Records to process.
+ + + + + + +

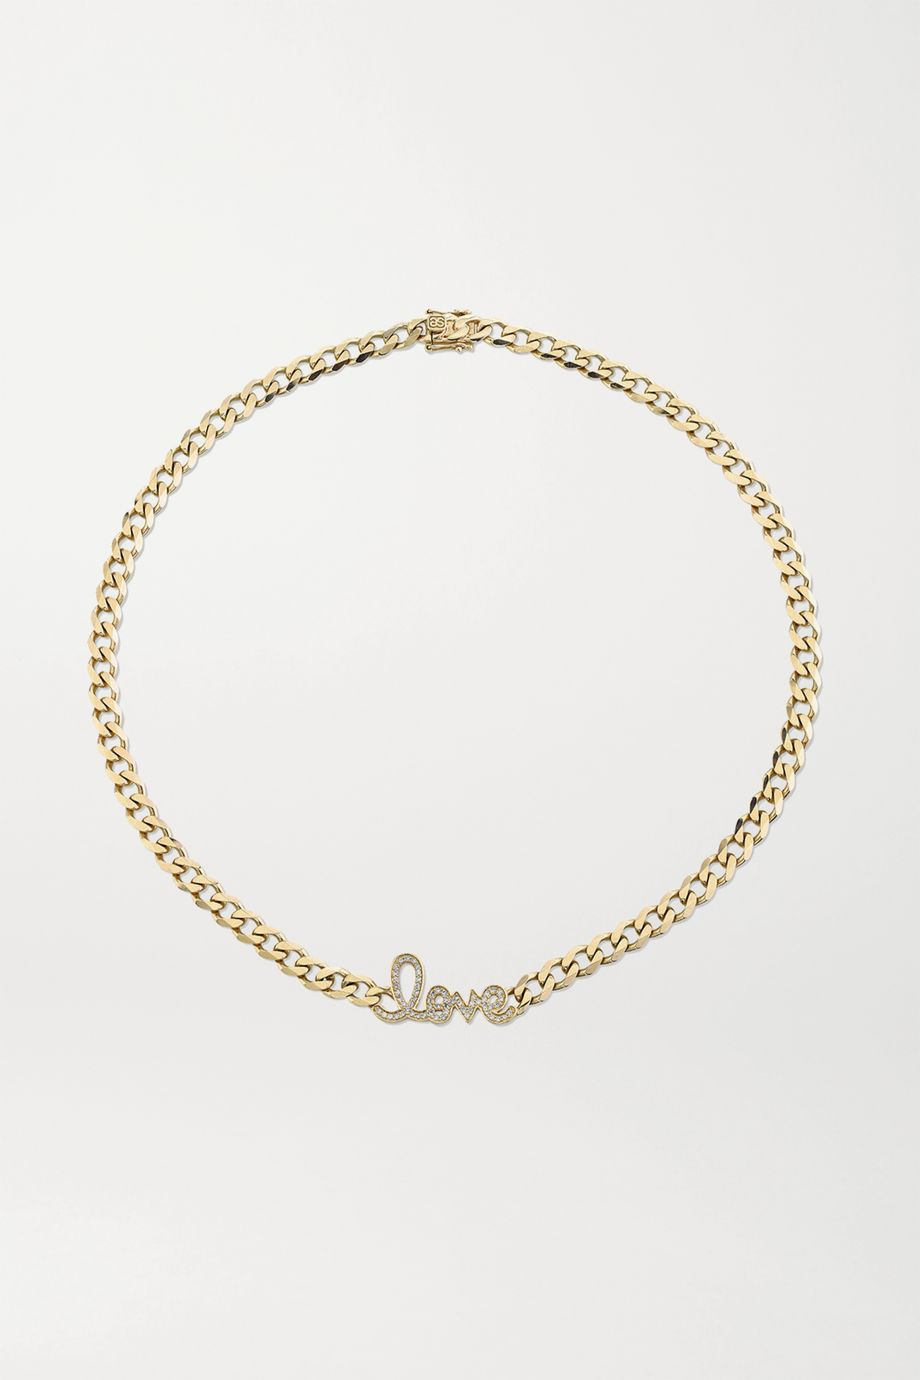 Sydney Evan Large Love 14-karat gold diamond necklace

+ + + + + + +

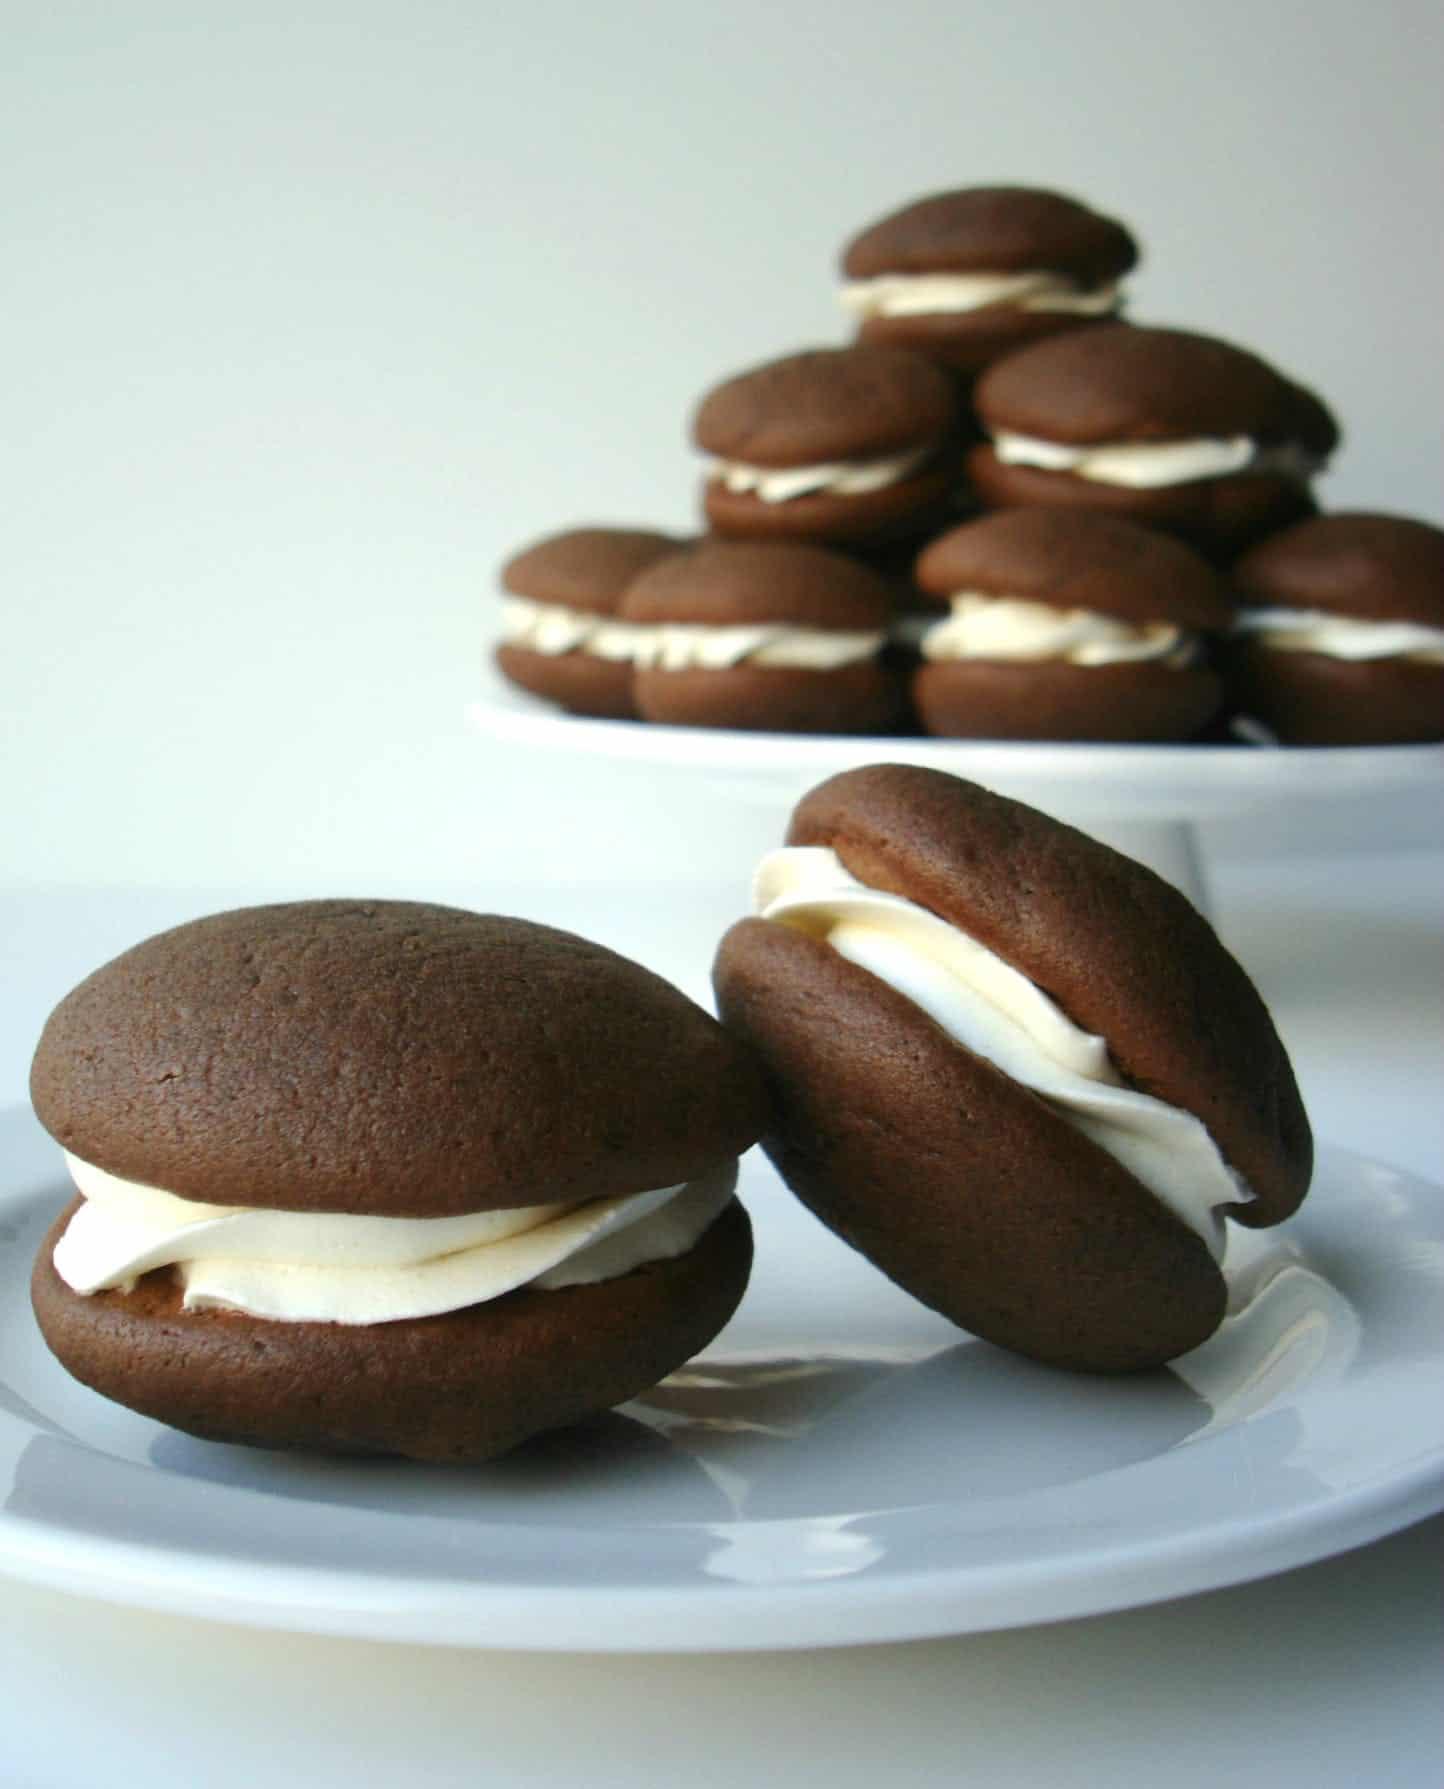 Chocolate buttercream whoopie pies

+ + + + + + +

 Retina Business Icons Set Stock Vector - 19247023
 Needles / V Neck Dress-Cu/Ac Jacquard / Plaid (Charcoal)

+ + + + + + +

What needs to be done. Set down exactly the lines of the data above, beginning with the line that has "Retina Business Icons" and ending with the line that has "Needles / V", and no others.

Task output.
 Retina Business Icons Set Stock Vector - 19247023
 Needles / V Neck Dress-Cu/Ac Jacquard / Plaid (Charcoal)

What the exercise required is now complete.